6th International Medical Congress of Izmir Democracy University, İzmir, Türkiye, 05 Aralık 2024 - 06 Ocak 2025, ss.115, (Özet Bildiri)
Background: AI-based chatbots are widely used today. They have been researched in various fields within medicine, such as evaluating responses to patient questions, assessing answers on medical exams, question writing, and scientific article drafting (1-3). With recent updates, these chatbots are now able to analyze and interpret images. This study aims to evaluate mammography image interpretation using Chat-GPT 4o and Claude 3.5 chatbots.
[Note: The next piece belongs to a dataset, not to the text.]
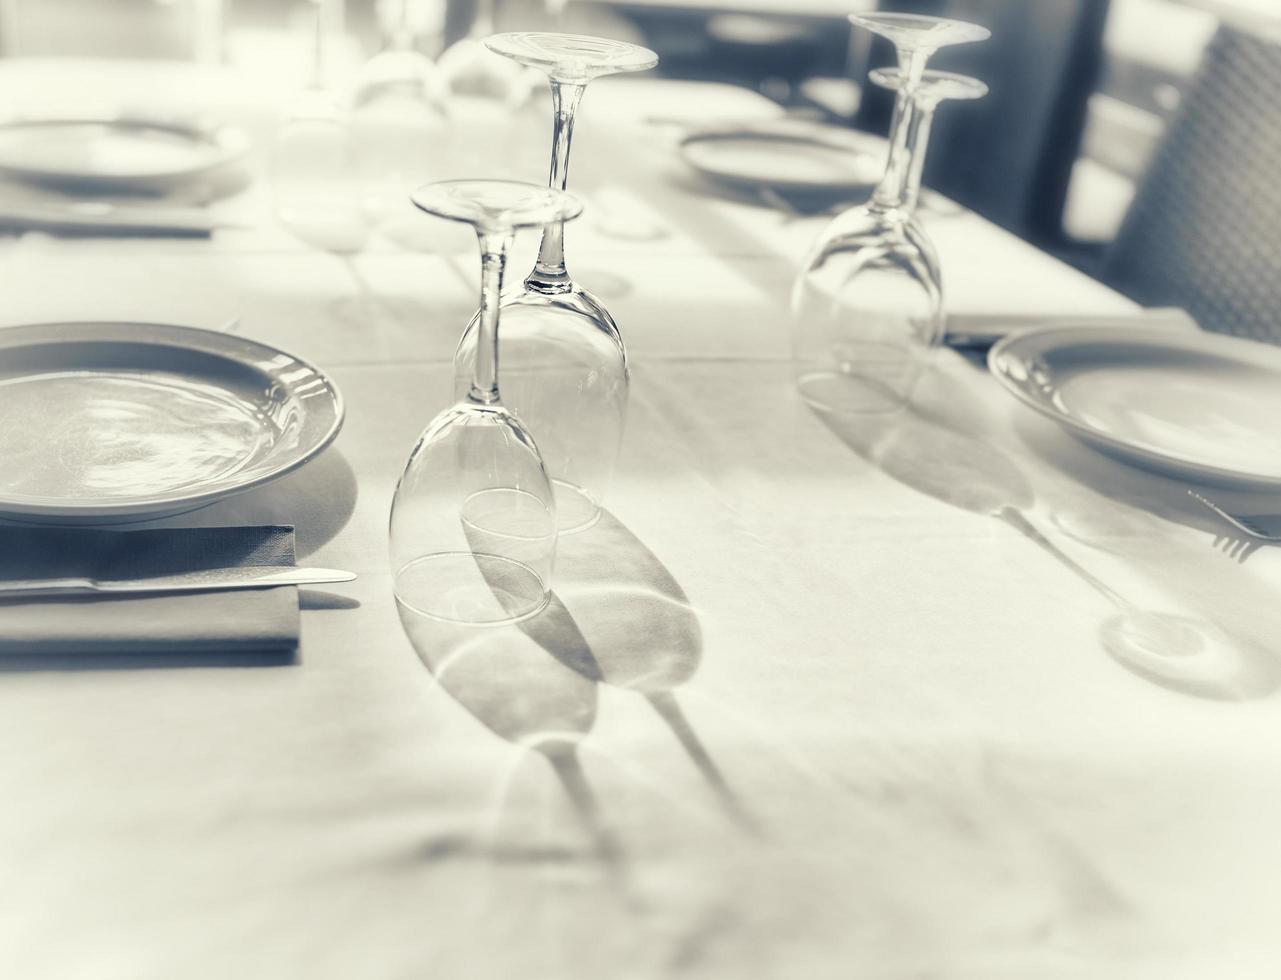 fotografia de jantares finos foto
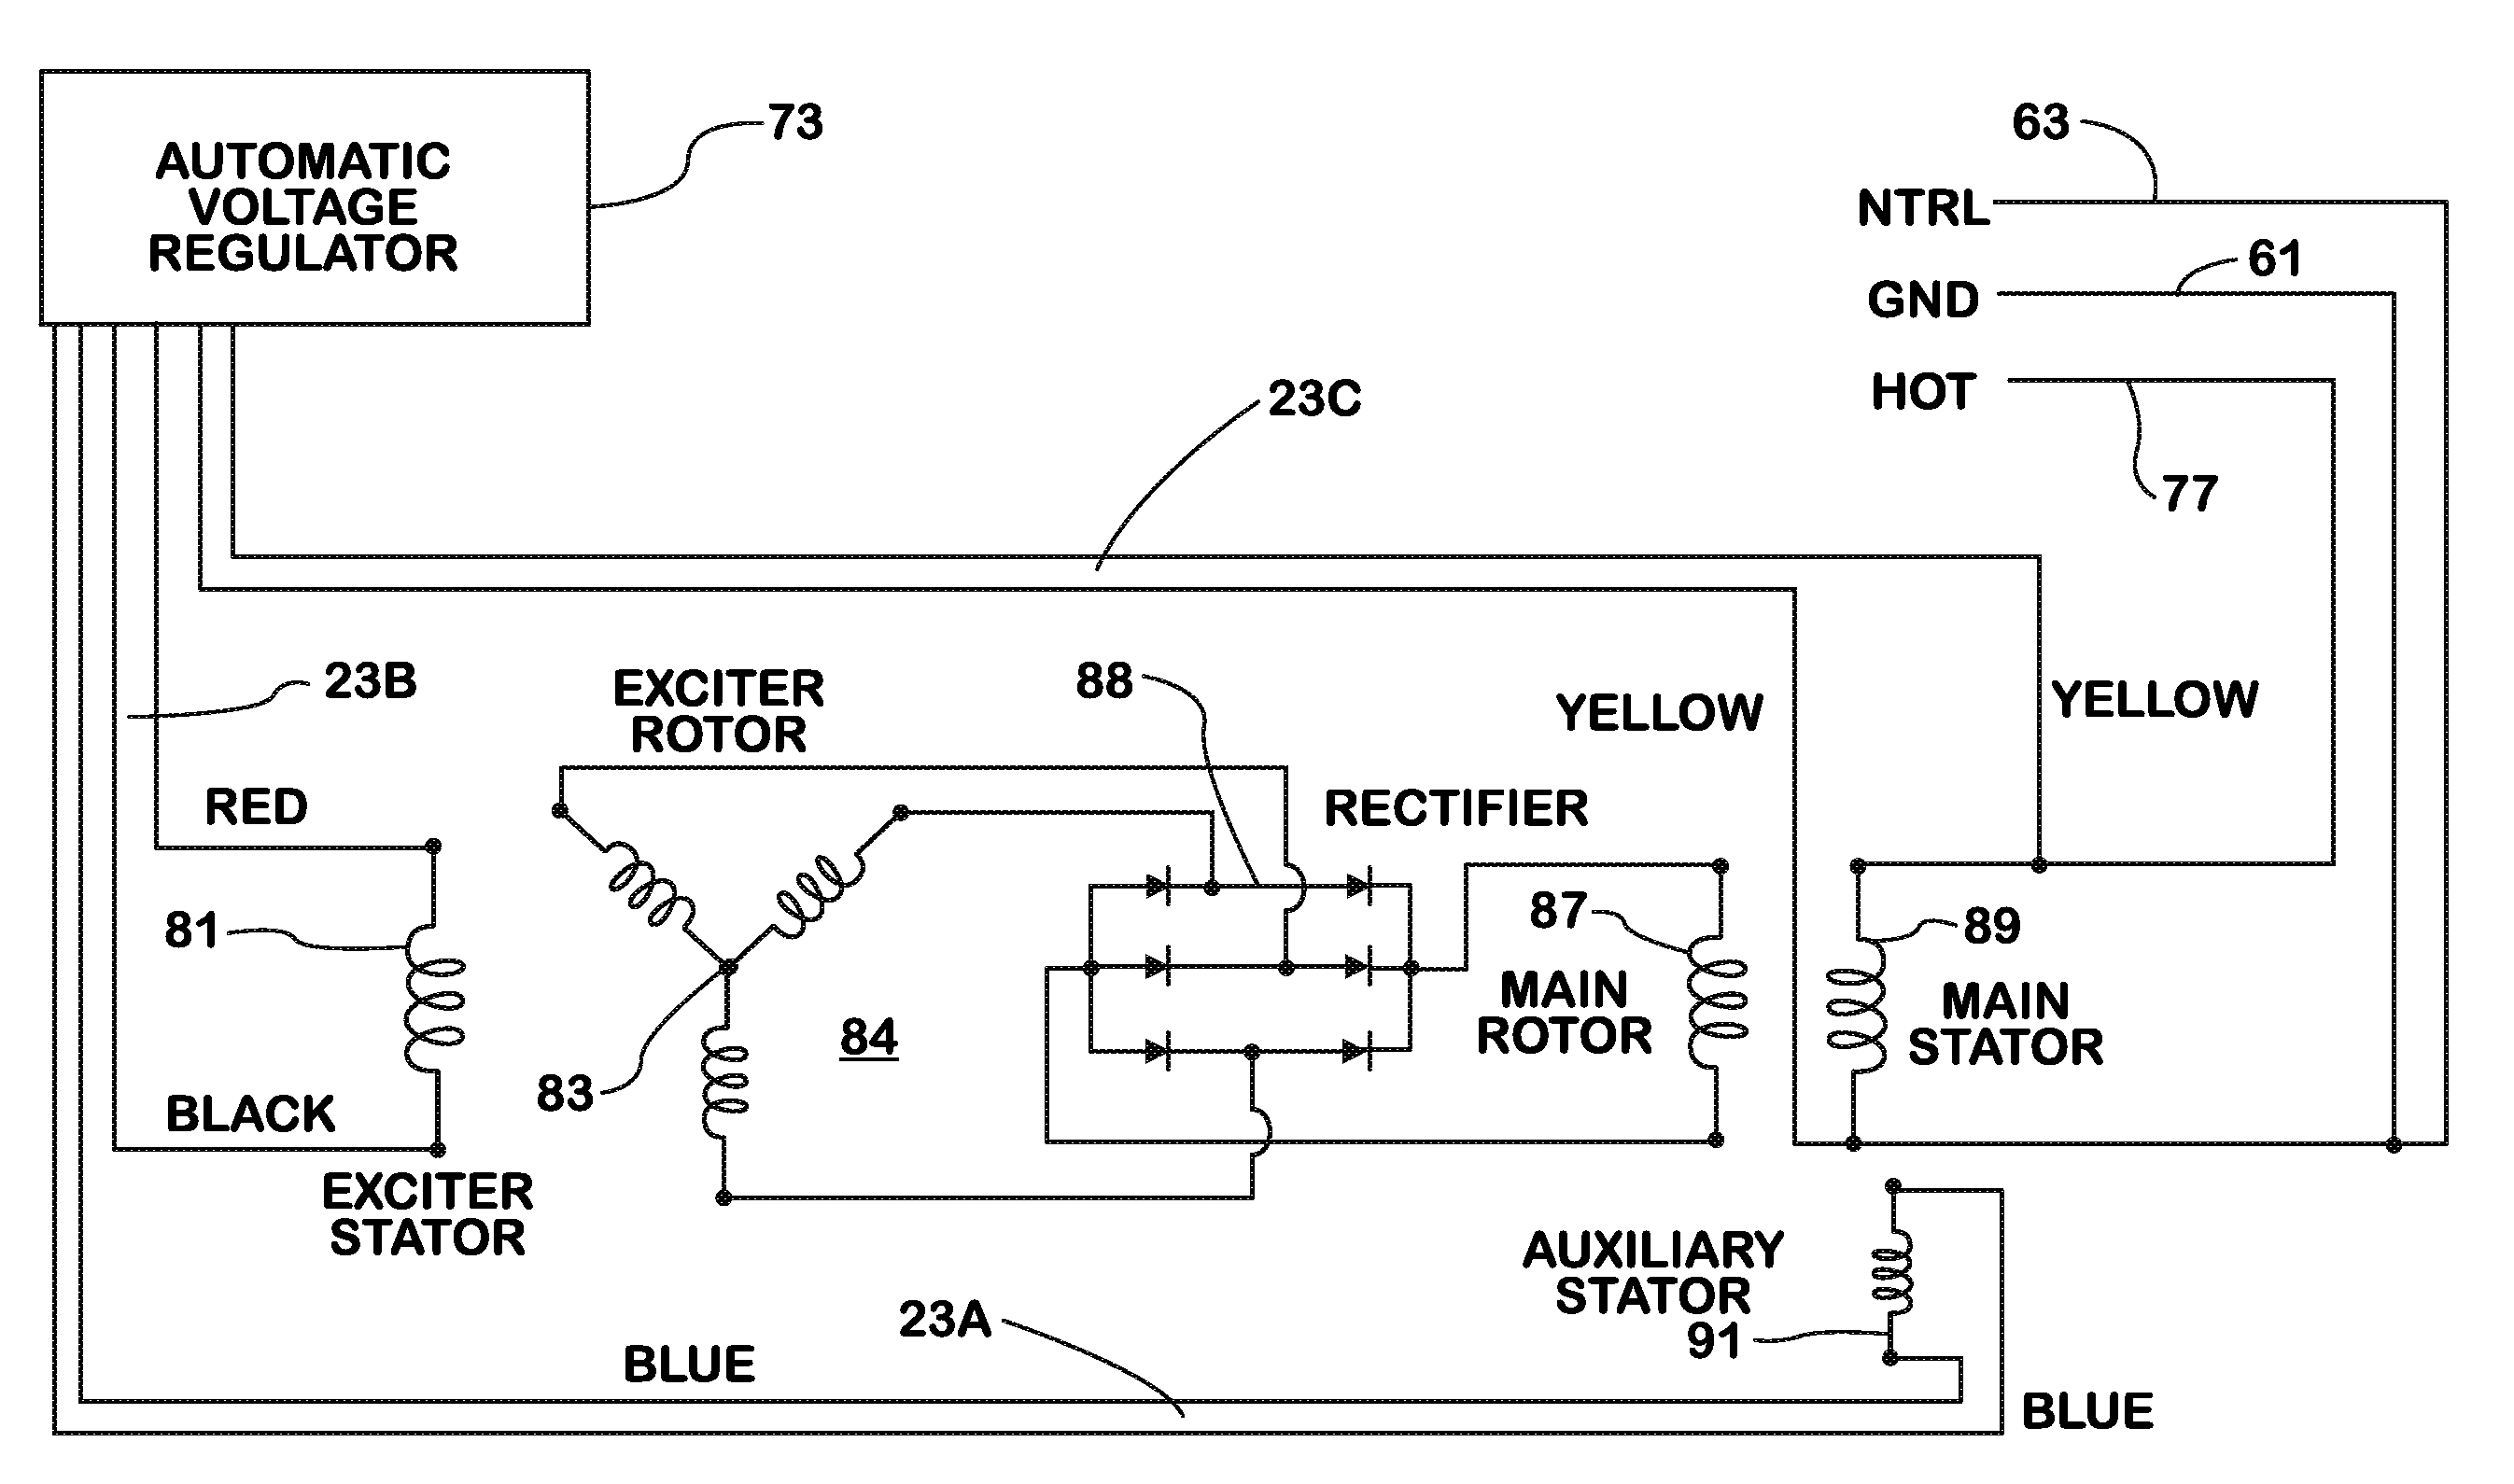 Unique Wiring Diagram For Car Generator Diagram Diagramtemplate Diagramsample Check More At Https Servisi Co Wirin Diagram Voltage Regulator Diagram Chart

Materials and Methods: Fifty-three mammography images, reported by consensus between two radiologists, were included in the study. These images were distributed as 10 images each for BI-RADS categories 0, 1, 2, 4, and 5, and 3 images for BI-RADS-3. Each mammography image consisted of one craniocaudal (CC) and one mediolateral oblique (MLO) standard view. Both views of each mammogram were presented to the chatbots in new tabs, asking for BI-RADS classification and breast typing. For Chat-GPT 4o, this process was repeated after one day. Subsequently, accuracy rates for breast parenchymal type and BI-RADS classification were calculated for both Chat-GPT 4o and Claude 3.5. Additionally, BI-RADS 1 and 2 were evaluated as benign categories, while BI-RADS 4 and 5 were considered malignant; since no change in patient management occurred for these categories, a single accuracy calculation was performed. Intra-observer agreement was also assessed for Chat-GPT 4o.
Results: For BI-RADS classification, the accuracy of Chat-GPT 4o was 18.87% on the first attempt and 26.42% on the second; for Claude 3.5, it was 18.87%. When BI-RADS 1 and 2 were considered benign, and BI-RADS 4 and 5 malignant, the overall accuracy for these 40 patients was calculated as 57.5% for Chat-GPT 4o on the first attempt, 55% on the second, and 47.5% for Claude 3.5. Intra-observer agreement for Chat-GPT 4o across both evaluations was statistically insignificant (p=0.066). In terms of breast parenchymal types, accuracy was 30.19% and 22.64% for the first and second evaluations of Chat-GPT 4o, respectively, and 24.53% for Claude 3.5.
Discussion: There is limited literature on the evaluation of radiographic images by chatbots. However, in one study, mammography images were evaluated using Chat-GPT 4 and Chat-GPT 4o, with an accuracy rate of 66.2%. The same study found a lower accuracy rate for ultrasound examinations at 55.6% (4). In contrast to these studies, which report relatively high accuracy, other studies indicate significantly lower accuracy rates. In a study involving multiple-choice questions with images, an accuracy rate of only 8% was found (5). This study supports such literature by showing that chatbots' visual evaluation abilities fall short of diagnostic accuracy compared to text-based accuracy rates. Additionally, the same mammography exams evaluated by Chat-GPT at different times revealed a lack of intra-observer agreement, indicating high variability and randomness in chatbot image interpretation.
Keywords: Large Language Model (LLM), mammography, artificial intelligence, radiology.